A deputada federal bolsonarista Caroline de Toni (PL-SC) apresentou nesta quinta-feira, 8, um requerimento para que seja convocada uma sessão conjunta extraordinária da Câmara e Senado para votar imediatamente o veto do presidente Lula (PT) ao chamado PL da Dosimetria. A informação é do O Antagonista.
A proposta vetada reduz penas para os condenados pelos atos de 8 de janeiro de 2023, incluindo o ex-presidente Jair Bolsonaro (PL).
Segundo Carol de Toni, o requerimento de convocação da sessão do Congresso tem como fundamento o artigo 57 da Constituição, que autoriza a convocação extraordinária do Congresso em casos de urgência ou relevante interesse público.
“Não há nada mais urgente do que rever os direitos e garantias fundamentais de pessoas presas sob condenações marcadas por ilegalidades processuais e penas desproporcionais“, afirmou a parlamentar.
No requerimento, ela elenca supostas violações constitucionais verificadas nos processos relacionados aos atos de 8 de janeiro, como supressão do duplo grau de jurisdição, ausência de individualização de condutas, cerceamento de defesa e afastamento da presunção de inocência.
O documento protocolado aponta também suposta seletividade do indulto natalino concedido por Lula em 2025, que excluiu os condenados pelos atos de 8 de janeiro, e relembra que, na história brasileira, houve vários casos de anistia ampla.
Além disso, a deputada argumenta que o veto de Lula não se ampara nos fundamentos constitucionais legítimos – constitucionalidade ou interesse público -, mas sim em motivação política, o que configuraria desvio de finalidade.
“Vetar esse projeto é perpetuar injustiças reconhecidas inclusive por integrantes do próprio governo.
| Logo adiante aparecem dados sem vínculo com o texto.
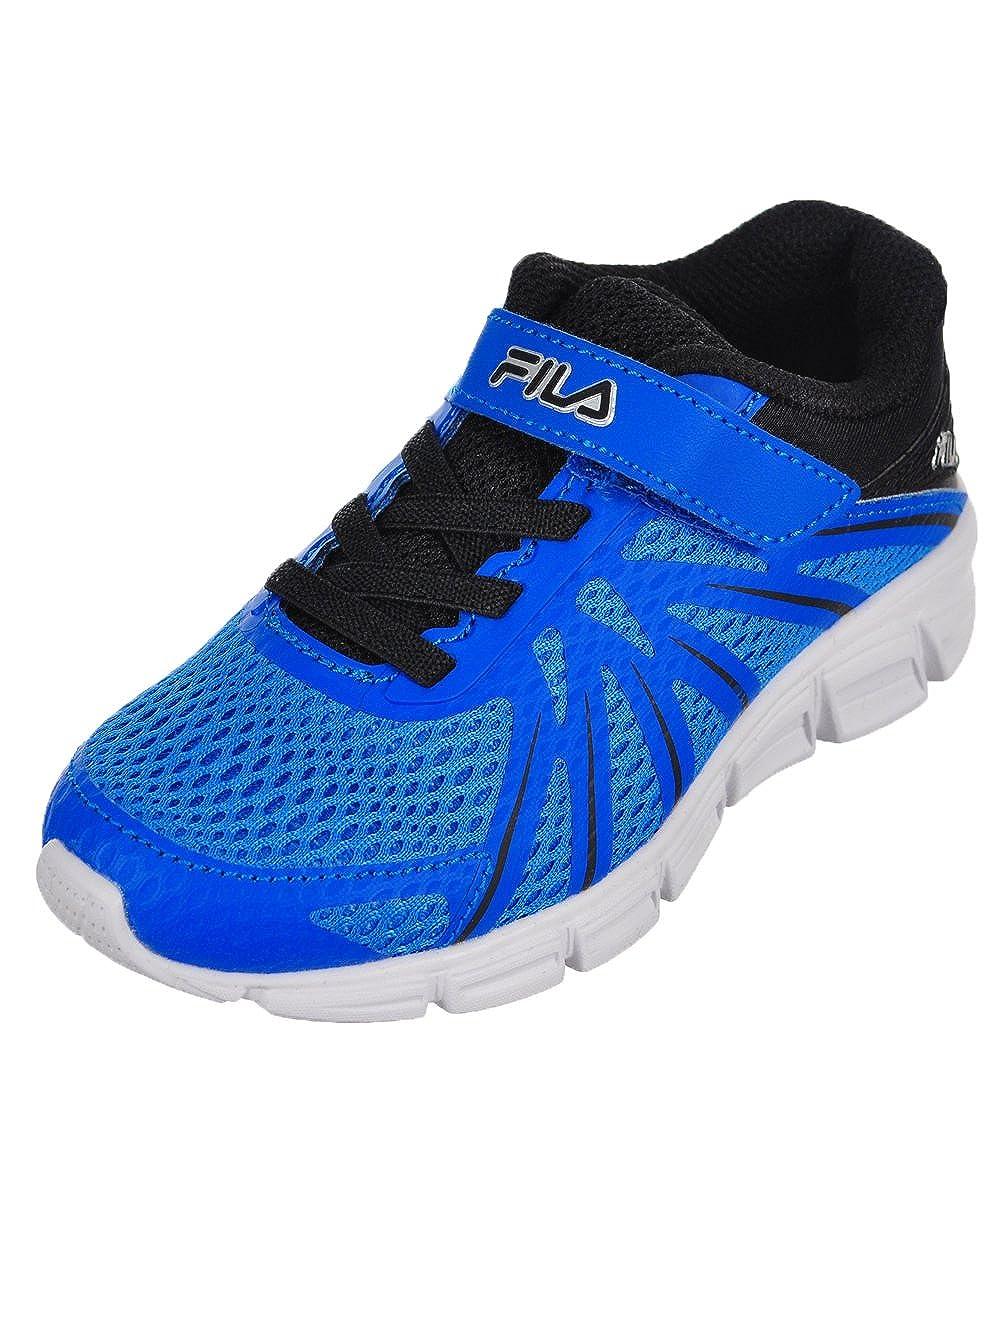 86d3acc7 Amazon.com | Fila Boys' Fraction Sneakers | Sneakers

Nem estamos falando ainda da anistia ampla geral e irrestrita que é o que essas pessoas merecem, mas de uma proposta ‘amena’. Esse veto, com cerimônia solene, pompas e narrativas demonstra que é puramente político e ignora os injustiçados”, pontua De Toni.
Por enquanto, não há decisão do presidente do Congresso, senador Davi Alcolumbre (União-AP), sobre o pedido da parlamentar.
O que diz o PL da Dosimetria?
Segundo o texto, quando os crimes de golpe de Estado e abolição violenta do Estado Democrático de Direito forem praticados em contexto de multidão, a pena será reduzida de um terço a dois terços. É requisito para isso que o infrator não tenha financiado ou exercido papel de liderança.
O projeto também prevê o menor tempo possível de prisão para a progressão de regime, nos crimes contra o Estado Democrático de Direito, independentemente de o réu ser reincidente ou usar violência ou grave ameaça.
Dessa forma, o sentenciado deve ter bom comportamento e cumprir pelo menos 16,6% da pena para que passe de um regime mais severo para um mais brando, como do fechado para o semiaberto. Atualmente, a porcentagem mínima é de 16%, quando o condenado é réu primário e não usou de violência.
O texto mantém os percentuais atuais – que são maiores em caso de violência, grave ameaça e reincidência -, com exceção dos crimes contra o Estado Democrático de Direito.
A proposta proíbe a soma das penas nos crimes contra as instituições democráticas trazidos pelo Código Penal; o infrator precisa ter cometido mais de um crime no mesmo contexto, para ser beneficiado.
Desse modo, a pessoa que tentar abolir o Estado democrático de direito e, simultaneamente, tentar depor o governo receberá somente a pena mais elevada, com um aumento proporcional. Essa mudança oferece um cálculo mais vantajoso para quem cometeu esses crimes.
Atualmente, o juiz pode somar penas de diferentes crimes cometidos por meio de uma única ação, caso praticada com essa intenção. Além disso, é possível somar penas de crimes cometidos mediante mais de uma ação. O Supremo Tribunal Federal (STF) fez isso em relação aos condenados pelos atos de 8 de janeiro e a Bolsonaro.
Ainda de acordo com o PL da Dosimetria, indivíduos em prisão domiciliar poderão considerar o trabalho como forma de diminuir a pena a ser cumprida. Hoje, somente o estudo pode reduzir a pena na modalidade domiciliar.